All of lore.kernel.org
 help / color / mirror / Atom feed

From: Sasha Levin <sashal@kernel.org>
To: patches@lists.linux.dev, stable@vger.kernel.org
Cc: Brian Kao <powenkao@google.com>,
	Bart Van Assche <bvanassche@acm.org>,
	"Martin K. Petersen" <martin.petersen@oracle.com>,
	Sasha Levin <sashal@kernel.org>,
	peter.wang@mediatek.com, avri.altman@sandisk.com,
	beanhuo@micron.com, adrian.hunter@intel.com,
	quic_nguyenb@quicinc.com, linux-scsi@vger.kernel.org
Subject: [PATCH AUTOSEL 6.18-6.1] scsi: ufs: core: Fix EH failure after W-LUN resume error
Date: Mon, 15 Dec 2025 03:55:26 -0500	[thread overview]
Message-ID: <20251215085533.2931615-3-sashal@kernel.org> (raw)
In-Reply-To: <20251215085533.2931615-1-sashal@kernel.org>

From: Brian Kao <powenkao@google.com>

[ Upstream commit b4bb6daf4ac4d4560044ecdd81e93aa2f6acbb06 ]

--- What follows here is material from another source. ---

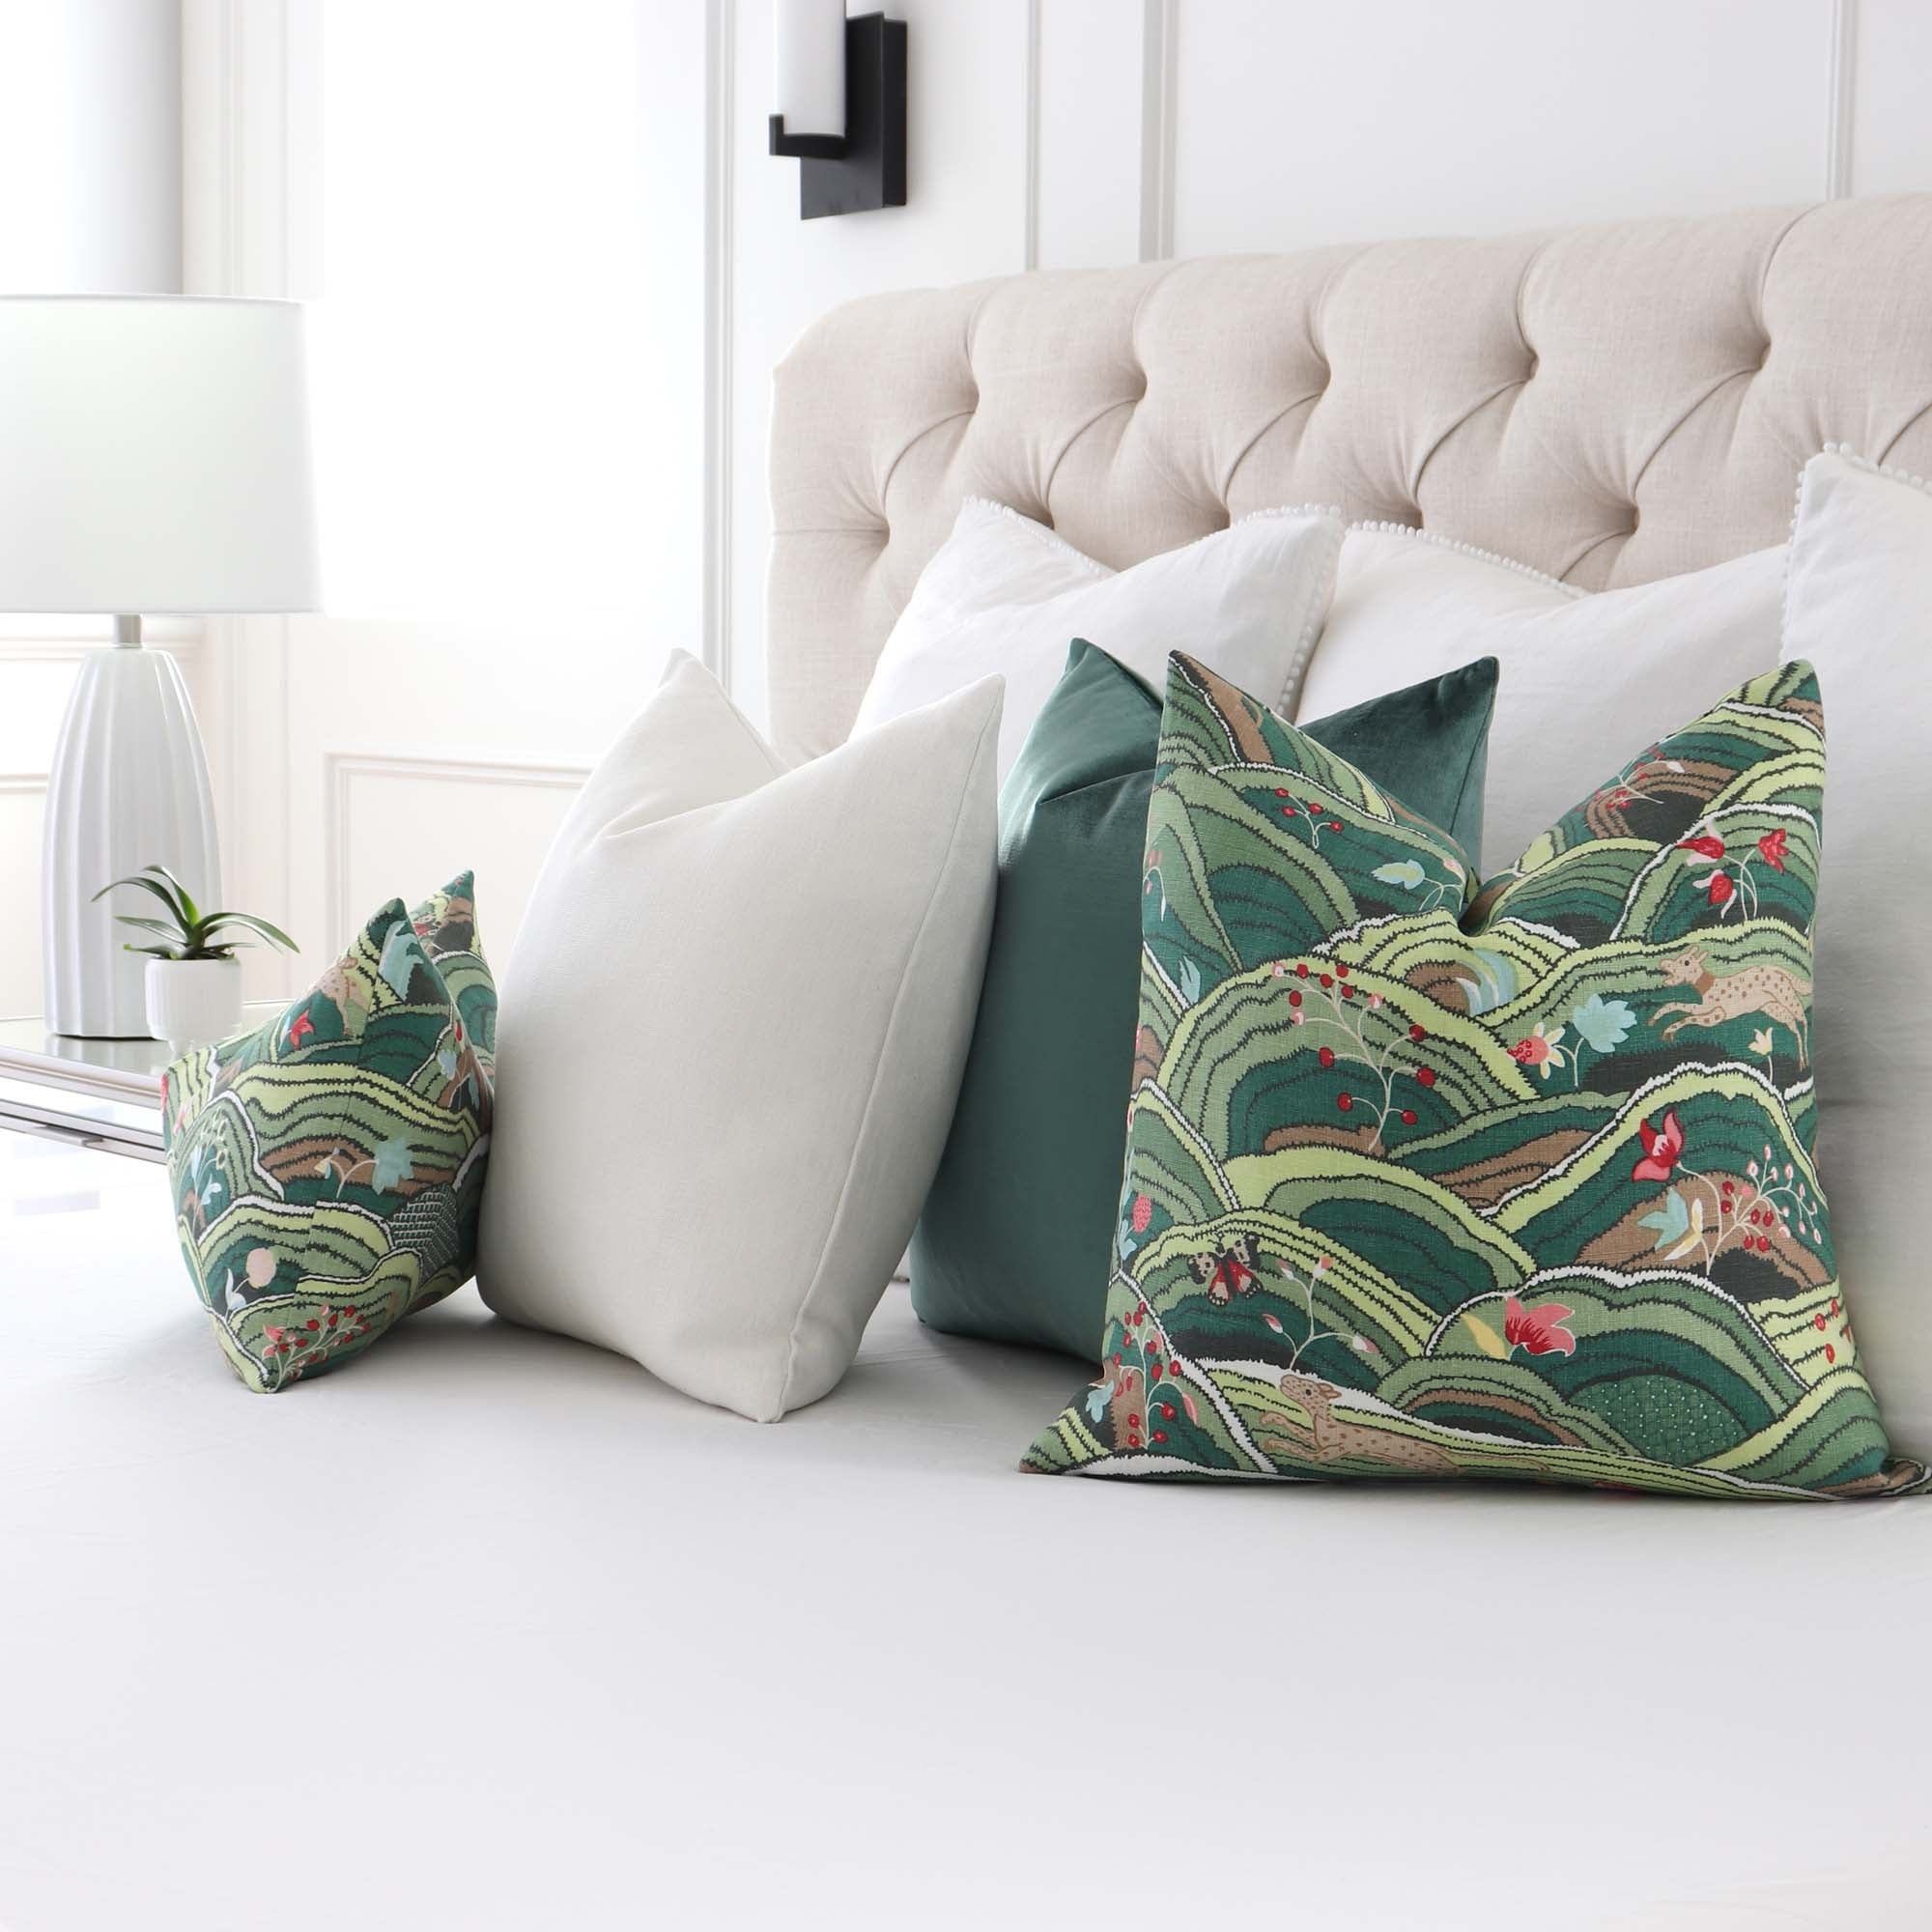 Schumacher Rolling Hills Green Luxury Designer Throw Pillow Cover
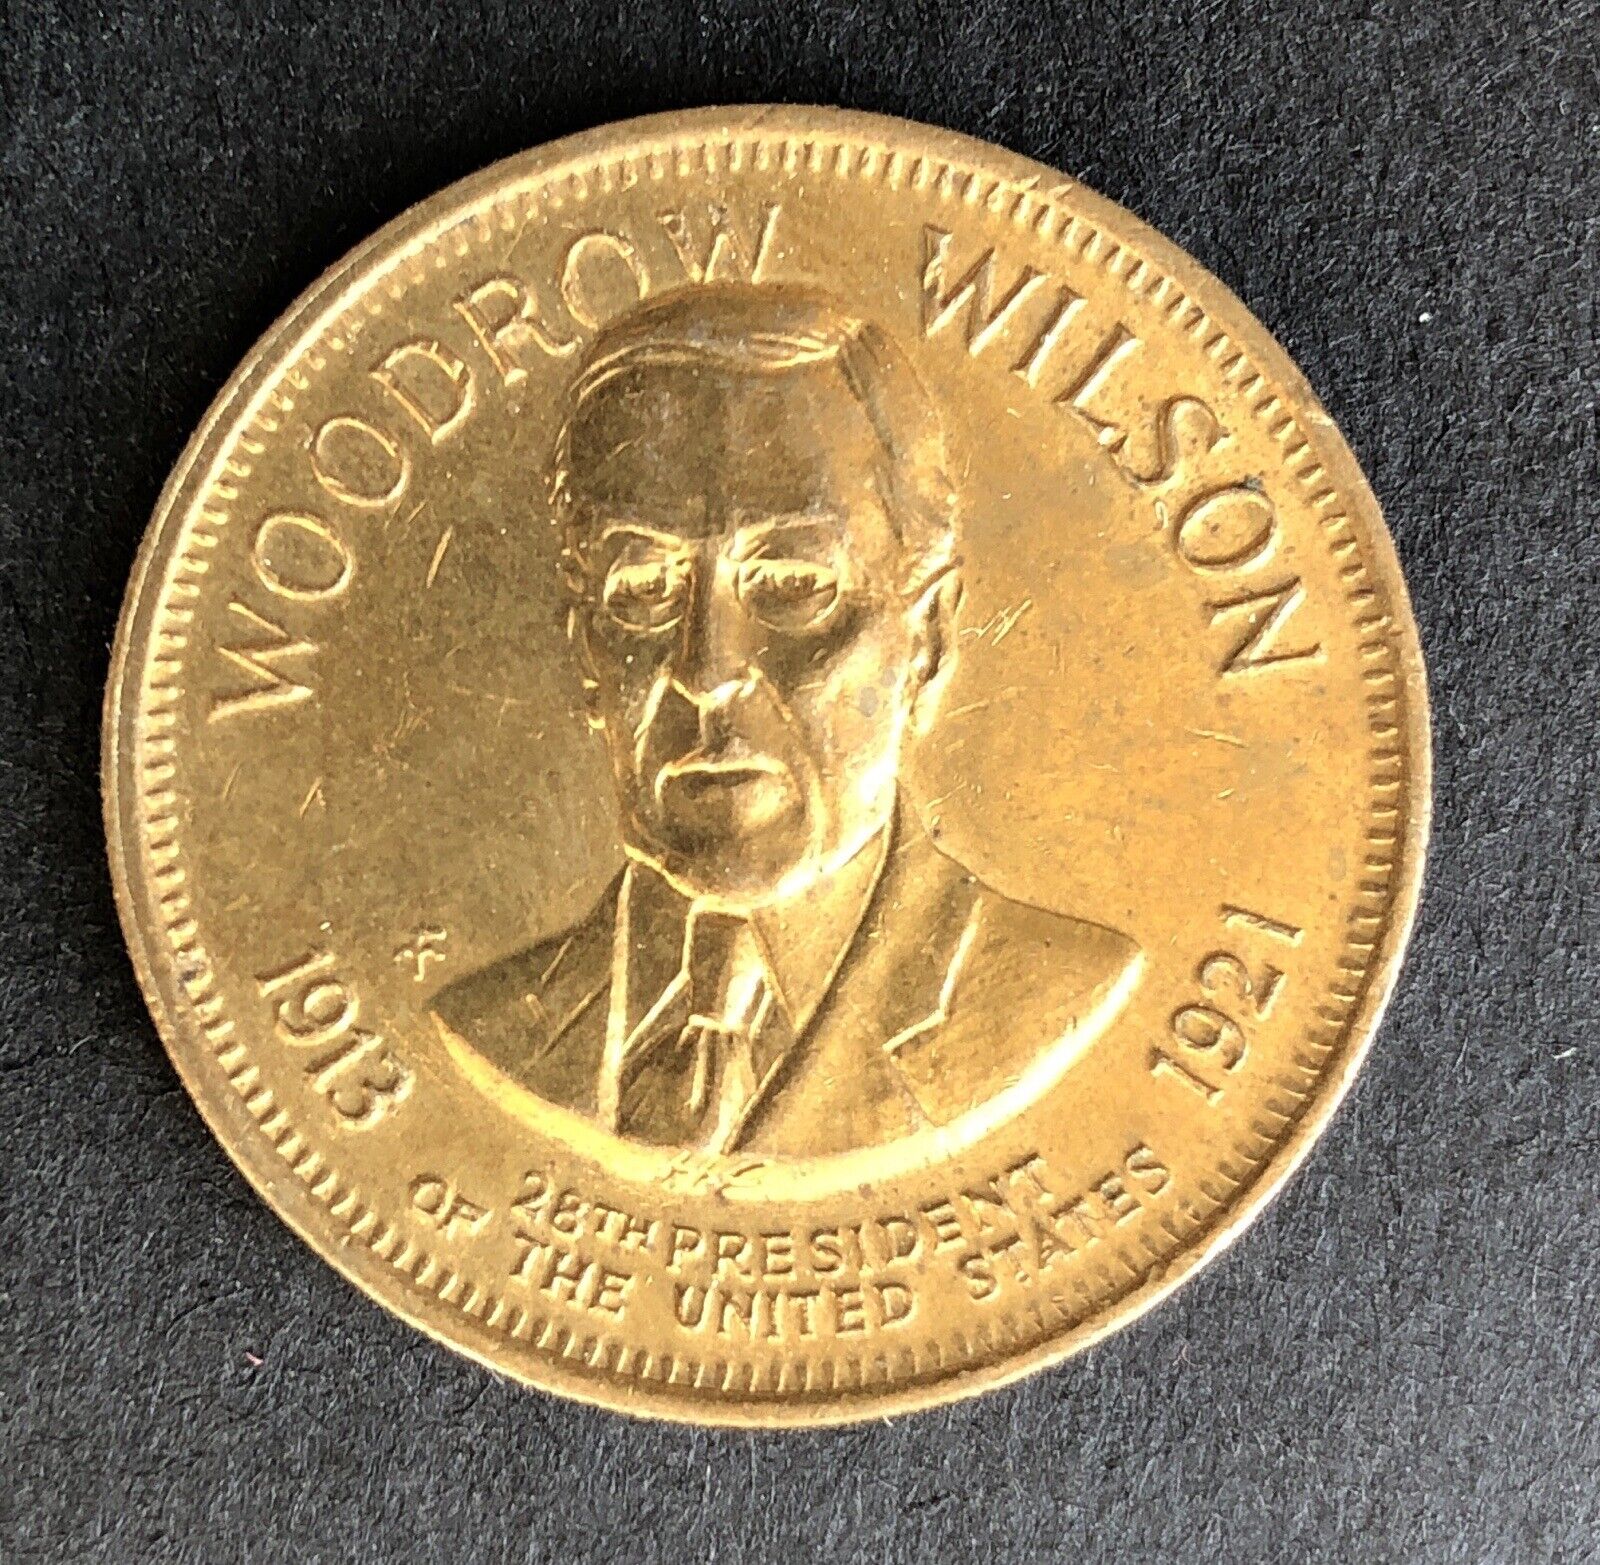 Franklin Mint President Woodrow Wilson Commemorative Coin, Token

When a W-LUN resume fails, its parent devices in the SCSI hierarchy,
including the scsi_target, may be runtime suspended. Subsequently, the
error handler in ufshcd_recover_pm_error() fails to set the W-LUN device
back to active because the parent target is not active.  This results in
the following errors:

  google-ufshcd 3c2d0000.ufs: ufshcd_err_handler started; HBA state eh_fatal; ...
  ufs_device_wlun 0:0:0:49488: START_STOP failed for power mode: 1, result 40000
  ufs_device_wlun 0:0:0:49488: ufshcd_wl_runtime_resume failed: -5
  ...
  ufs_device_wlun 0:0:0:49488: runtime PM trying to activate child device 0:0:0:49488 but parent (target0:0:0) is not active

Address this by:

 1. Ensuring the W-LUN's parent scsi_target is runtime resumed before
    attempting to set the W-LUN to active within
    ufshcd_recover_pm_error().

 2. Explicitly checking for power.runtime_error on the HBA and W-LUN
    devices before calling pm_runtime_set_active() to clear the error
    state.

 3. Adding pm_runtime_get_sync(hba->dev) in
    ufshcd_err_handling_prepare() to ensure the HBA itself is active
    during error recovery, even if a child device resume failed.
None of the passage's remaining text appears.